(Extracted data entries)
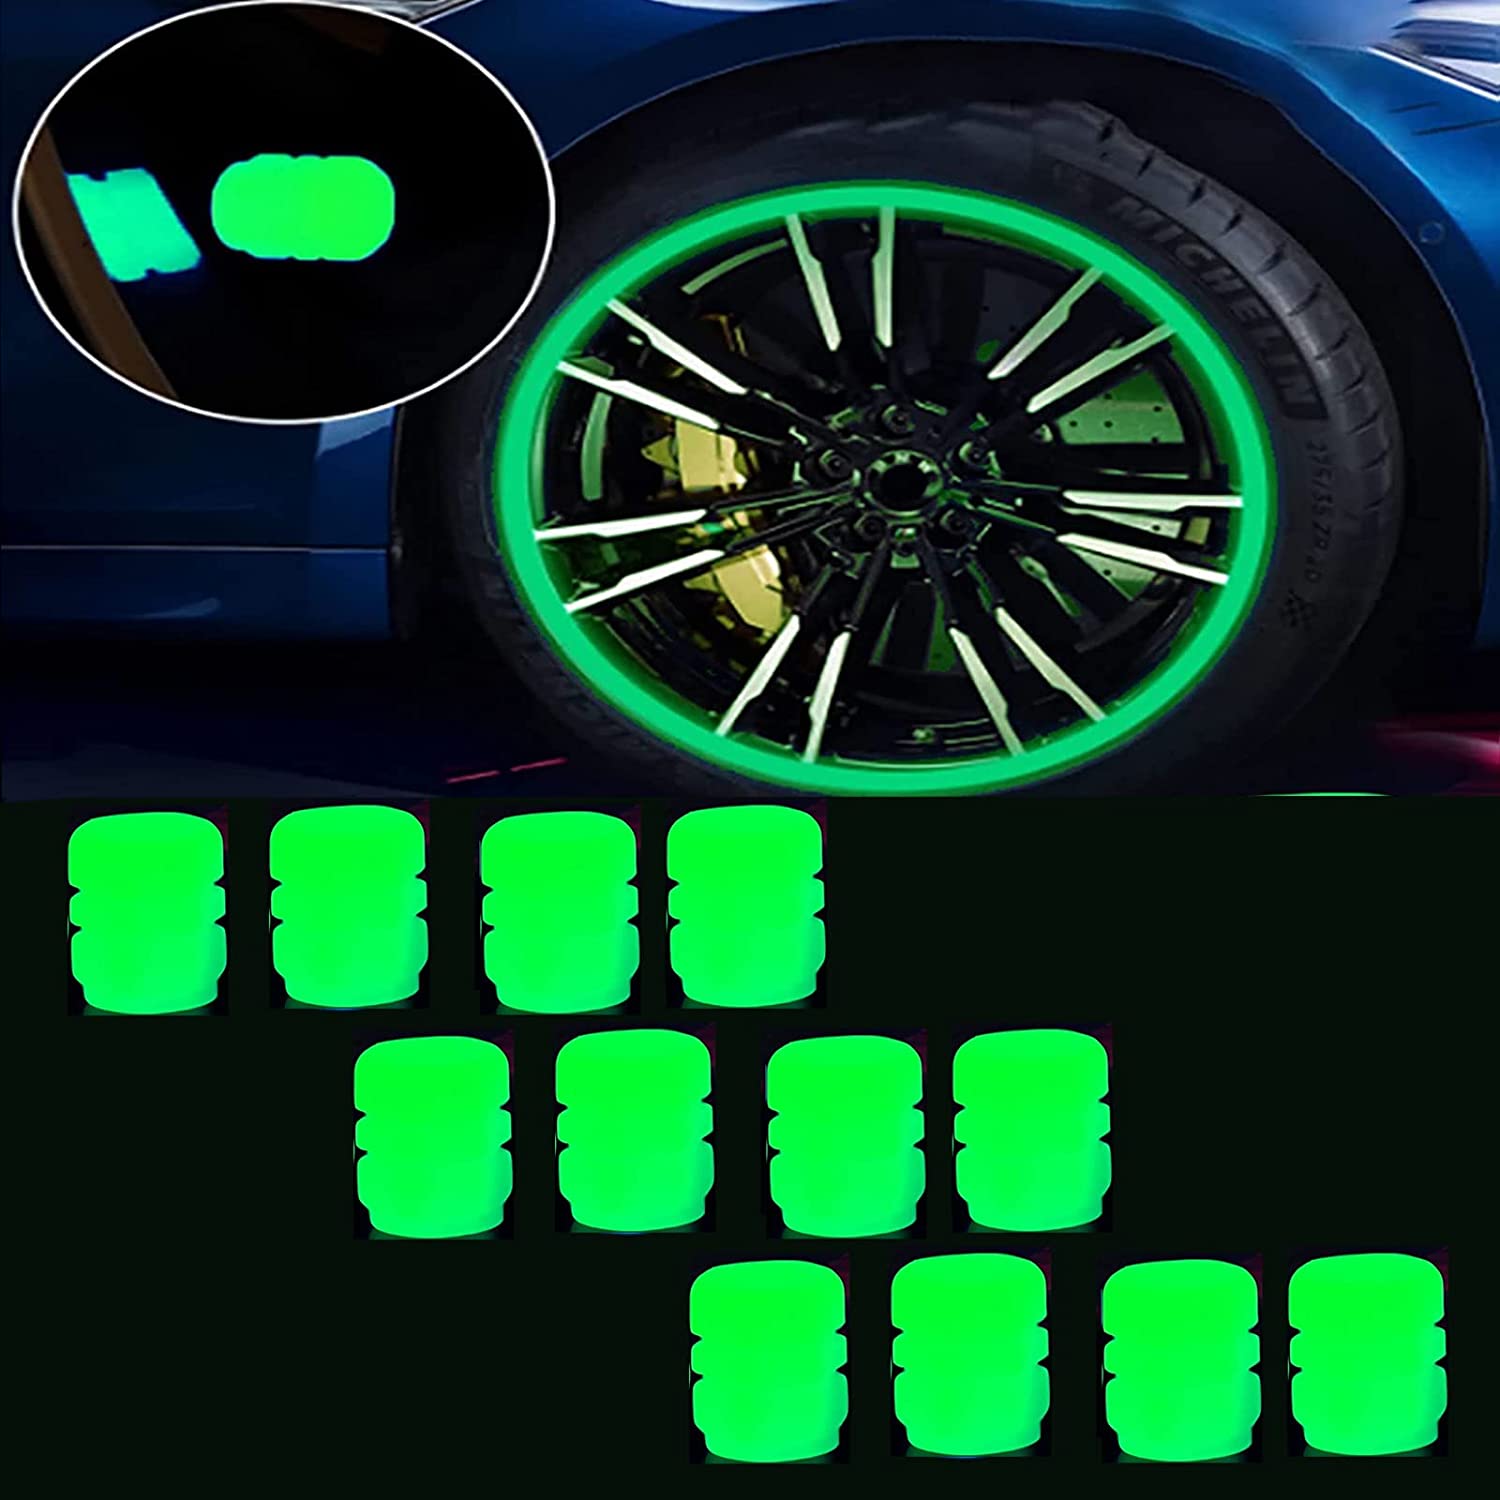 3/12Pcs Universal Fluorescent Car Tire Valve Caps,Luminous Tire Valve Stem  Caps Glow in The Dark Tire Valve Caps,Universal Tire Valve Stem Covers  Accessories for Car Truck SUV Motorcycles Bike
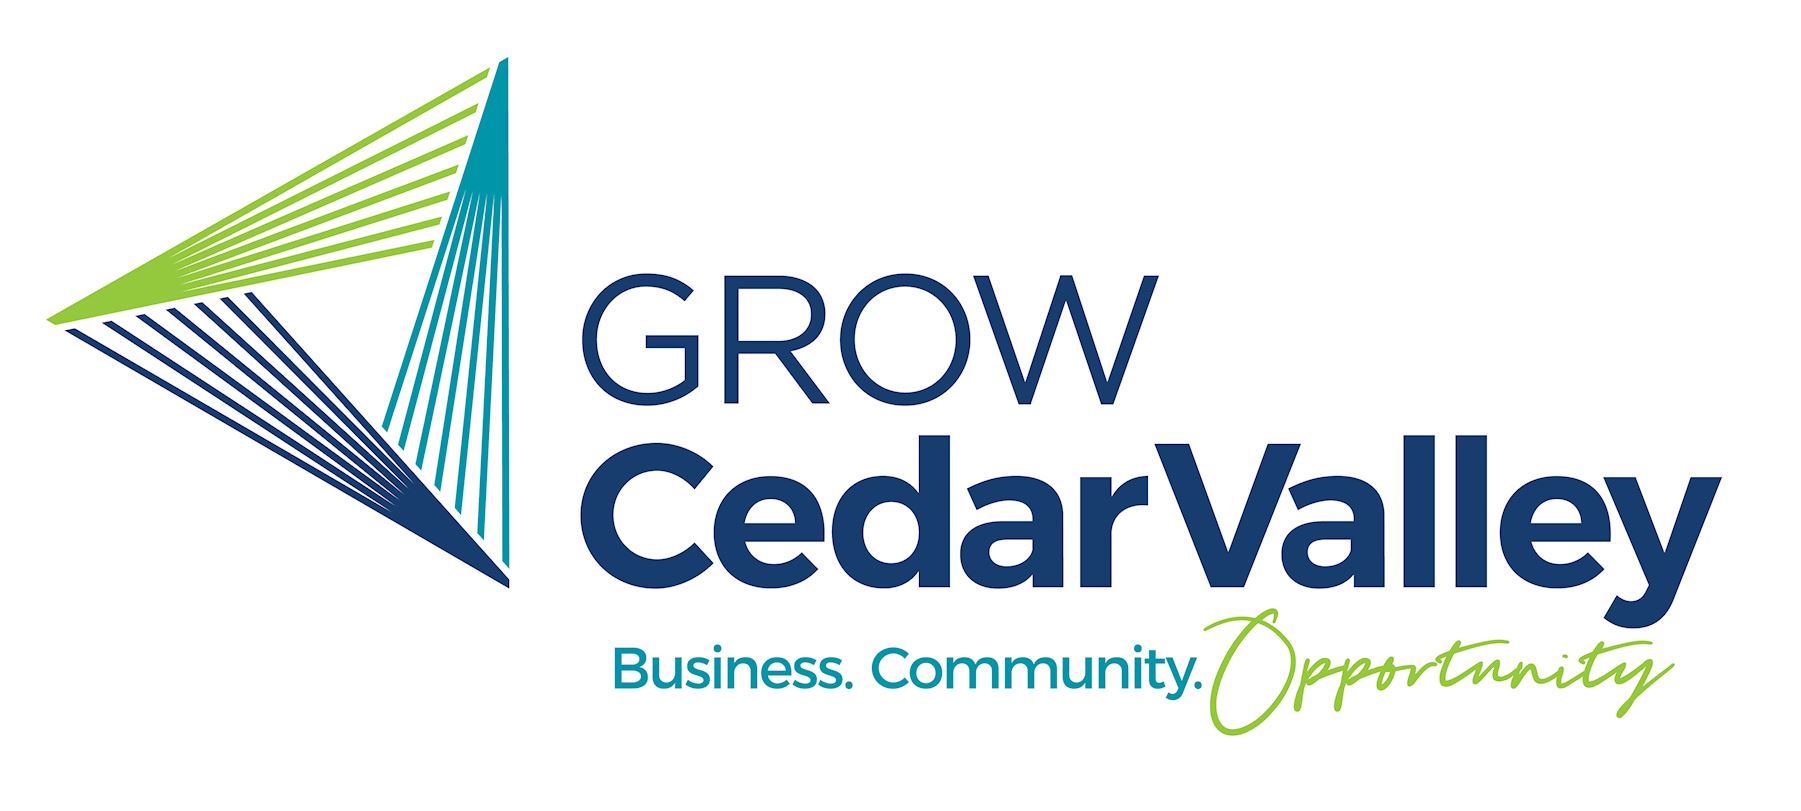 Cedar Valley Investors Support Grow Cedar Valley Through Voluntary Assessment
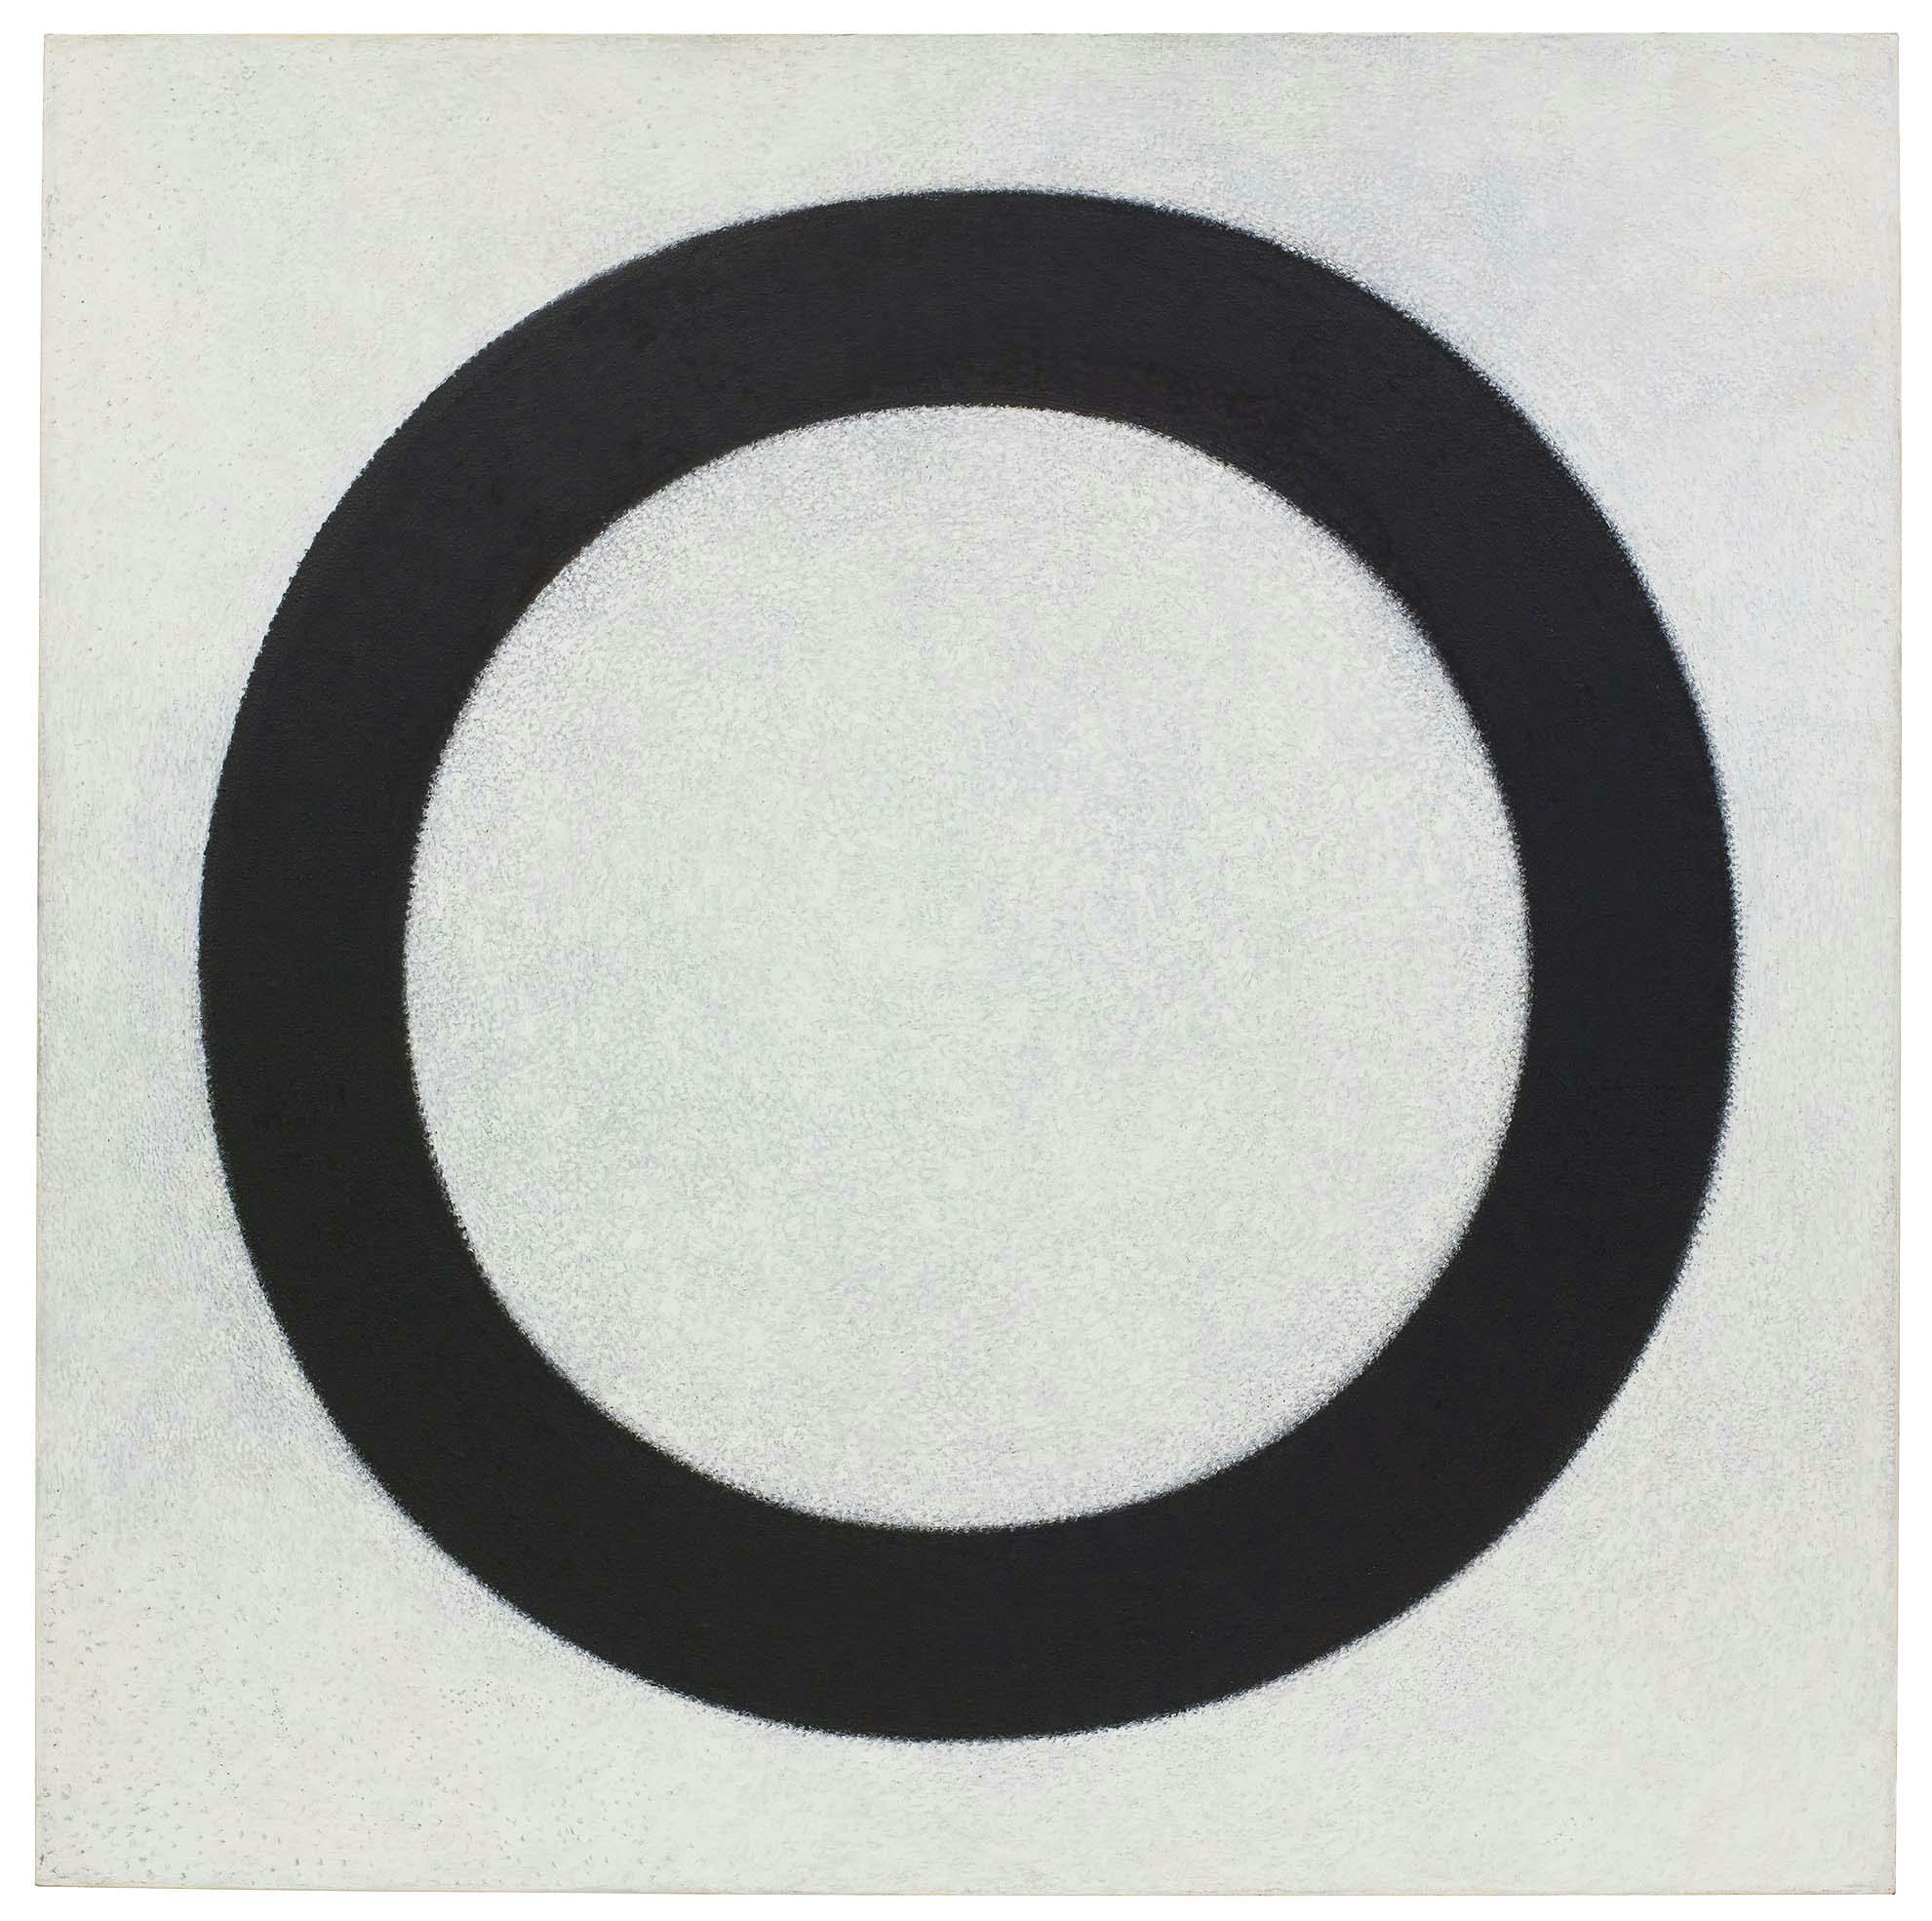 Black Circle, Time
1979–80
Oil on linen
90 x 90 in. (228.6 x 228.6 cm)
 – The Richard Pousette-Dart Foundation

• [Exercise aim]
The result should be an exact retyped version of all the entries above, containing no pictures.

• [Solution to the exercise]
 3/12Pcs Universal Fluorescent Car Tire Valve Caps,Luminous Tire Valve Stem  Caps Glow in The Dark Tire Valve Caps,Universal Tire Valve Stem Covers  Accessories for Car Truck SUV Motorcycles Bike
 Cedar Valley Investors Support Grow Cedar Valley Through Voluntary Assessment
 Black Circle, Time
1979–80
Oil on linen
90 x 90 in. (228.6 x 228.6 cm)
 – The Richard Pousette-Dart Foundation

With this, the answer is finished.